Bununla birlikte, Biden'ın kabinesinin en az iki üyesi ihtiyatlı olunması yönünde telkinde bulunacaktır. Bunlardan biri ABD Ticaret Bakanı Gina Raimondo. Daha geçen ay, ABD'nin kutsal saydığı Çin ile serbest ticareti sınırlandırmaya yönelik herhangi bir çabanın, 'Amerikan şirketlerinin gelirlerini engelleyecek ve Çin'in ürünleri başka bir yerden almasına yol açacak kadar geniş bir sınırlama' olması halinde olumsuz yansımaları olacağını söyledi. Ardından, Çin'in ABD'yi ele geçirmeye çalıştığında ısrar eden seçilmiş ve atanmış siyasi yetkililerle dolu bir odada sürekli olarak olgun davranmaya çalışan ABD Hazine Bakanı Janet Yellen'in söyleyecek bir şeyleri olmalı. Temmuz ayında Beijing'e yaptığı ziyaret sırasında söylediklerini aklınızda bulundurun: 'Dünyanın her iki ülkenin de gelişmesi için yeterince büyük olduğuna inanıyoruz. Her iki ülkenin de bu ilişkiyi sorumlu bir şekilde yönetme yükümlülüğü var: birlikte yaşamanın ve küresel refahı paylaşmanın bir yolunu bulmak.'
Tabii ki, yürütme emrinin 'her iki ülkenin de gelişmesini' istemekle nasıl bağdaştırılabileceğini açıklamak zorunda kalacak olan patronu olacaktır. Üstelik Beyaz Saray'ın Çin'in bundan zarar görmesinden başka bir çıkarı olduğuna inanmak da giderek zorlaşıyor.

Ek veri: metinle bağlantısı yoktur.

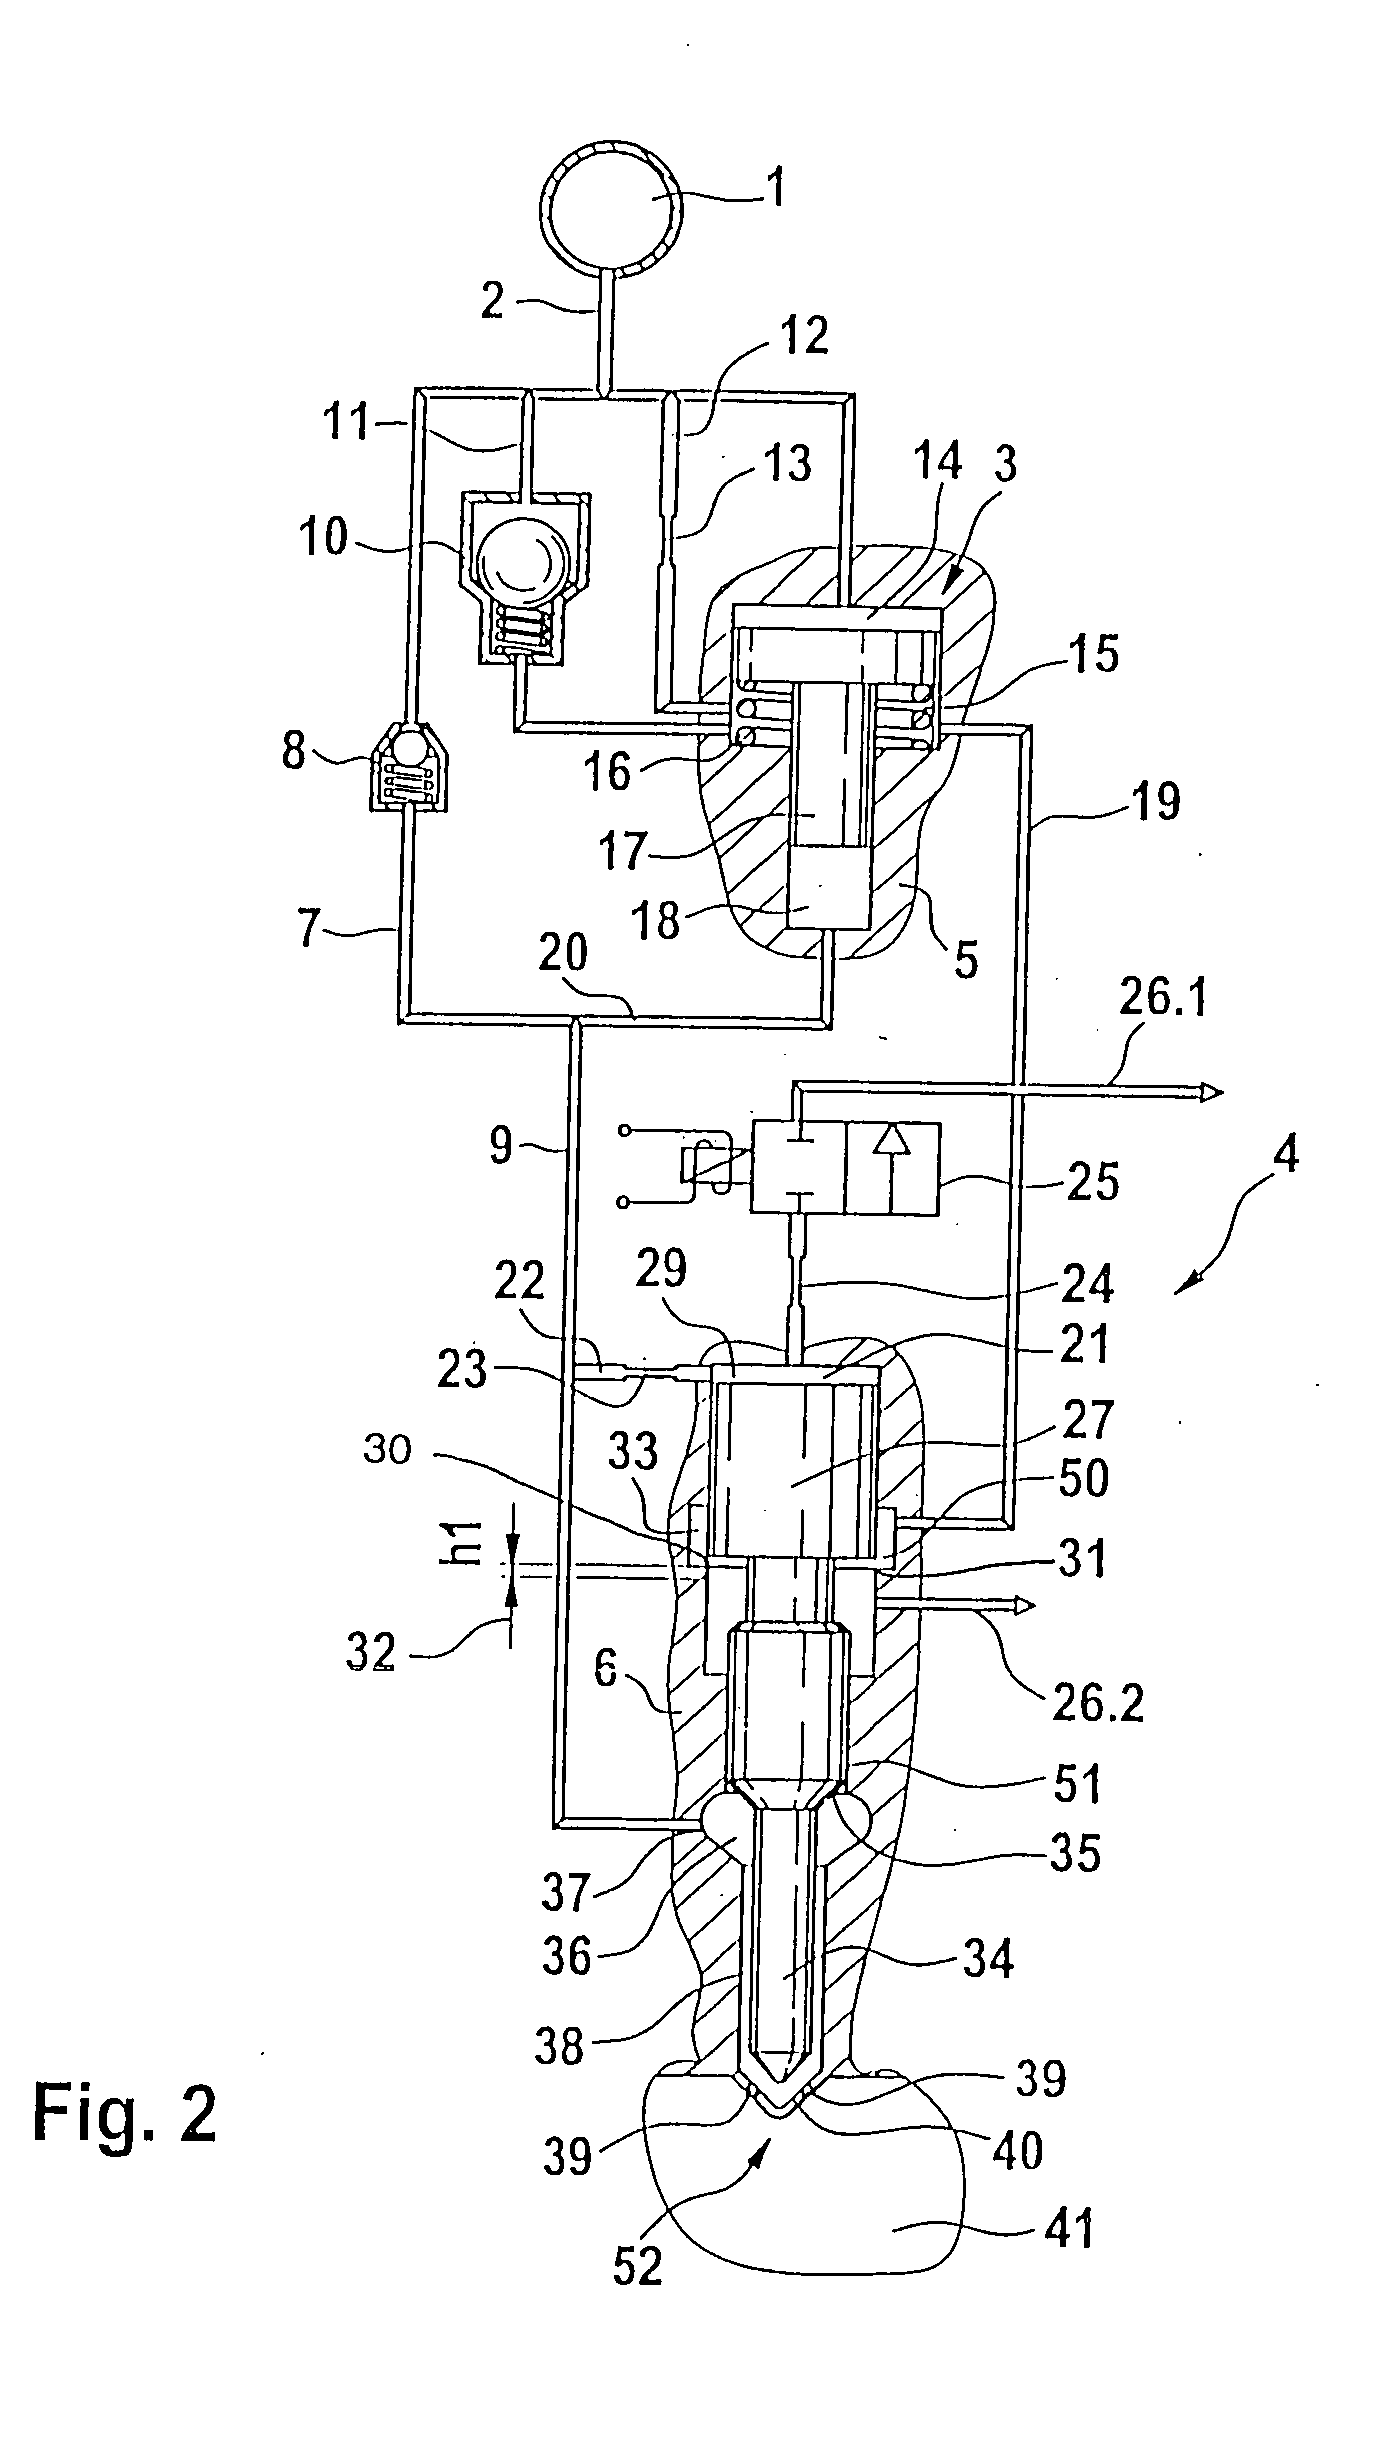 Control of a pressure exchanger by displacement of an injection valve member

Yürütme emri, Biden yönetiminin sık sık Kongre'nin de katılımıyla Çin'e zarar vermek için sarf ettiği pek çok çabadan biri. Bir yıl önce yürürlüğe giren CHIPS ve Bilim Yasası belki de en tanınmış yasama çabasıdır. Beyaz Saray, yasanın Amerika'da istihdam yaratacağını, küresel tedarik zincirlerinin güçlendirilmesini sağlayacağını ve – işte geliyor – 'Çin'e karşı koyacağını' savunuyor. Washington Post, Başkan tarafından ortaya atılan bir iddiayı – CHIPS ve Bilim Yasası sayesinde bir milyon yapım işinin yaratılacağı – inceledi ve bunu 'sahte' olarak nitelendirdi. Medyanın Beyaz Saray'ın iddialarını mercek altına almaya devam edeceği umulabilir. Amerika'nın Çin ile ilişkileri geçtiğimiz haftalarda ilerleme kaydetmişti. Çok sayıda Amerikalı yetkilinin ziyaretleri iki ülke arasındaki anlaşmazlıkları çözmedi ama konuşmaya ihtiyaç olduğunu gösterdi. Biden'ın kararnamesi bu ivmeyi durdurabilir.